We've got to hand it to Sylvia Plath. "Morning Song" seems like a pretty innocuous title, doesn't it? People sing songs all the time. This just happens to be one of them.
But wait – who's singing this song? Well, that's where things start to get interesting. As you dig deeper into the poem itself, the title acquires loads and loads of potential meanings. We've counted at least three. And we're betting that there might be others. Here are our top possibilities:
Meaning #1: Check out the first lines of the poem. A new baby cries for the very first time. It's the beginning of her life. Just like morning is the beginning of the day. Get it?

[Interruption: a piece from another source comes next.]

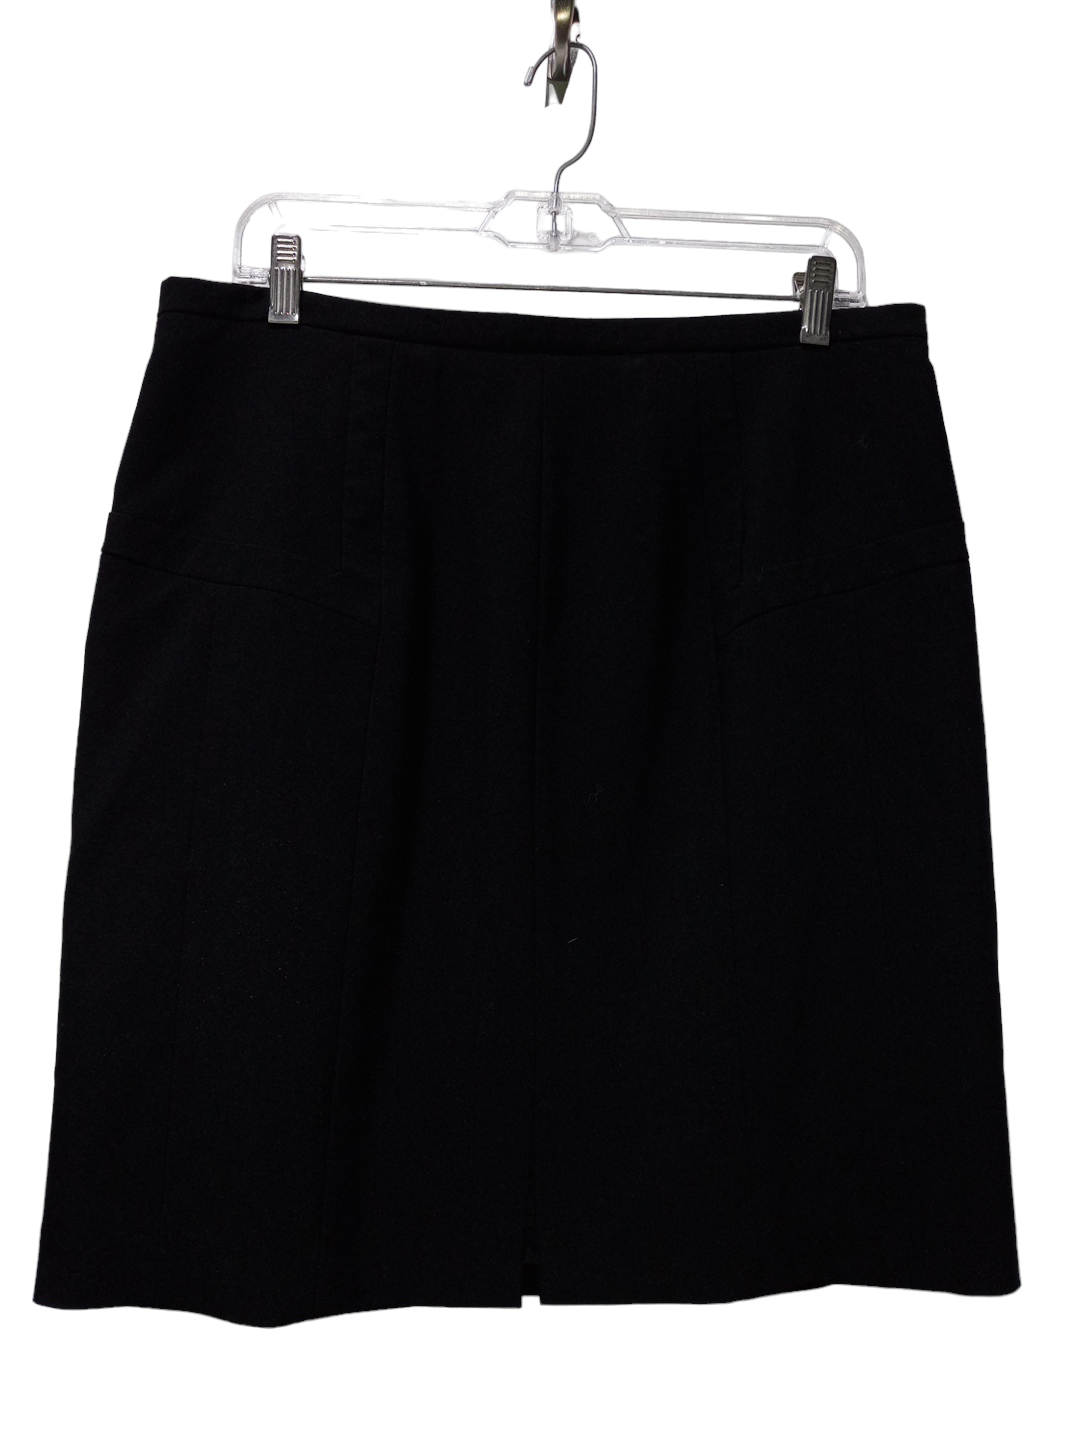 Black Skirt Midi Clothes Mentor, Size 3x

Meaning #2: Now glance over the last few lines of the poem. The baby tries out a "handful of notes;/ The clear vowels rise like balloons." We could almost say that that's another song. Plath even chooses to describe the baby's cries as "notes." Add that to the fact that morning seems to be whitening the windowpanes right as Baby starts to cry, and you've got yourself… a "Morning Song."
Meaning #3: Since this entire poem is staged as a conversation between a mother and her baby, it's possible that the entire poem is a song sung to the baby.

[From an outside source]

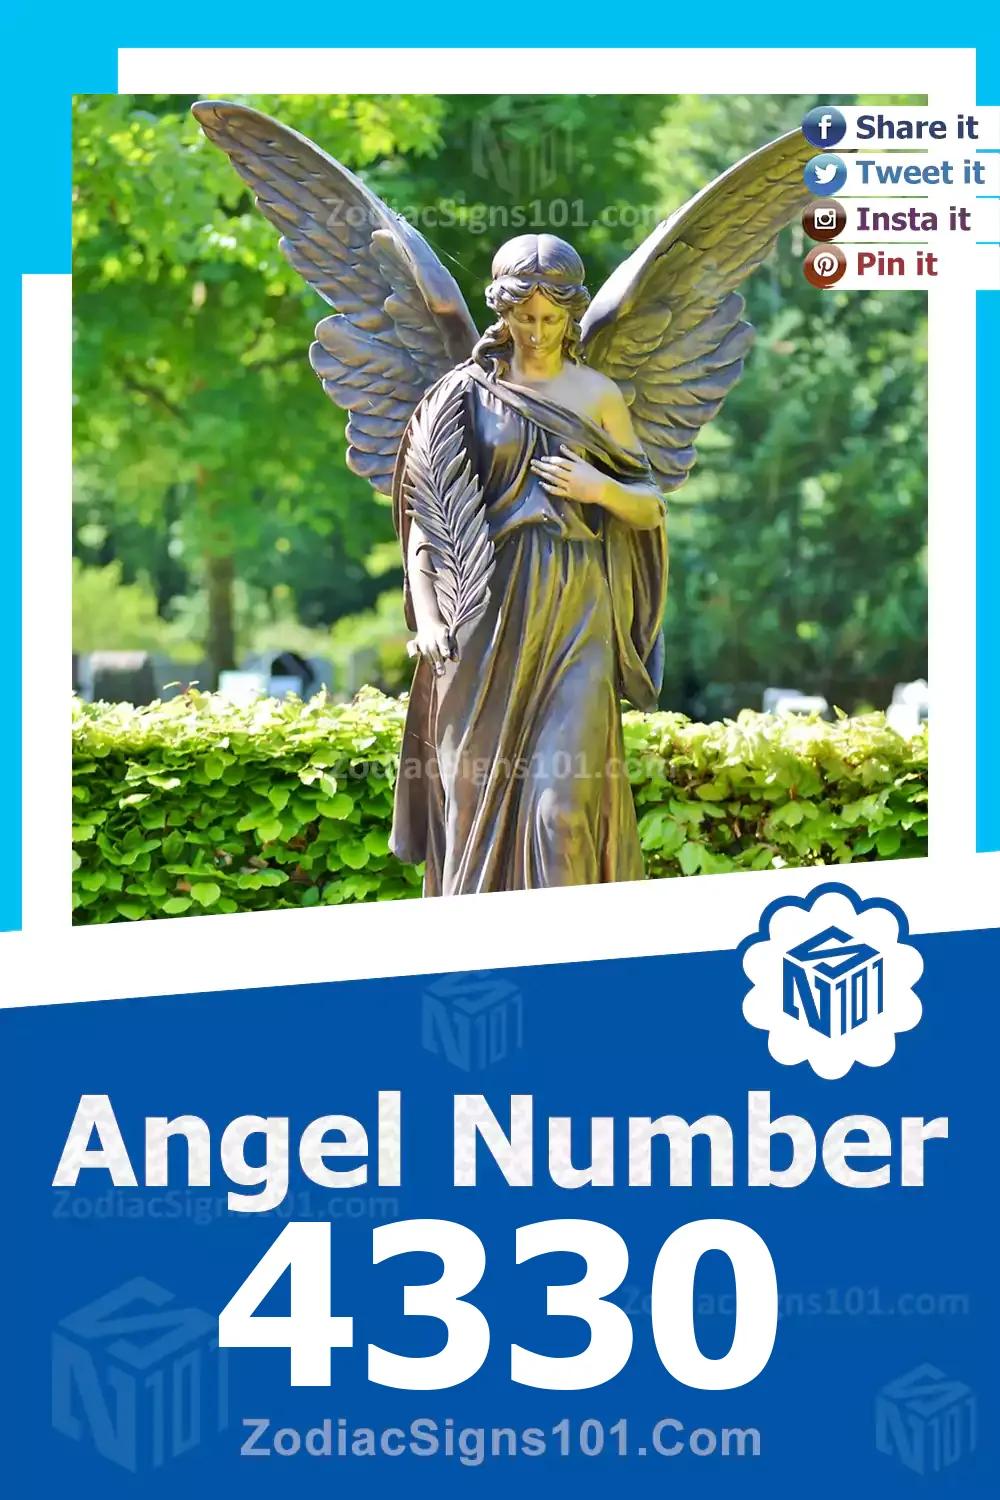 4330-Angel-Number-Meaning.jpg

Things get really interesting, though, when you start to think about how these three songs interact with each other to form the poem as a whole. See, over the course of the poem, the baby moves from squalling to throwing out notes that rise like balloons. As she moves from crying into baby-song, her mother moves from detachment into something like love. You could almost say that "Morning Song" charts the dawning of a mother's relationship with her child. In fact, we think we will.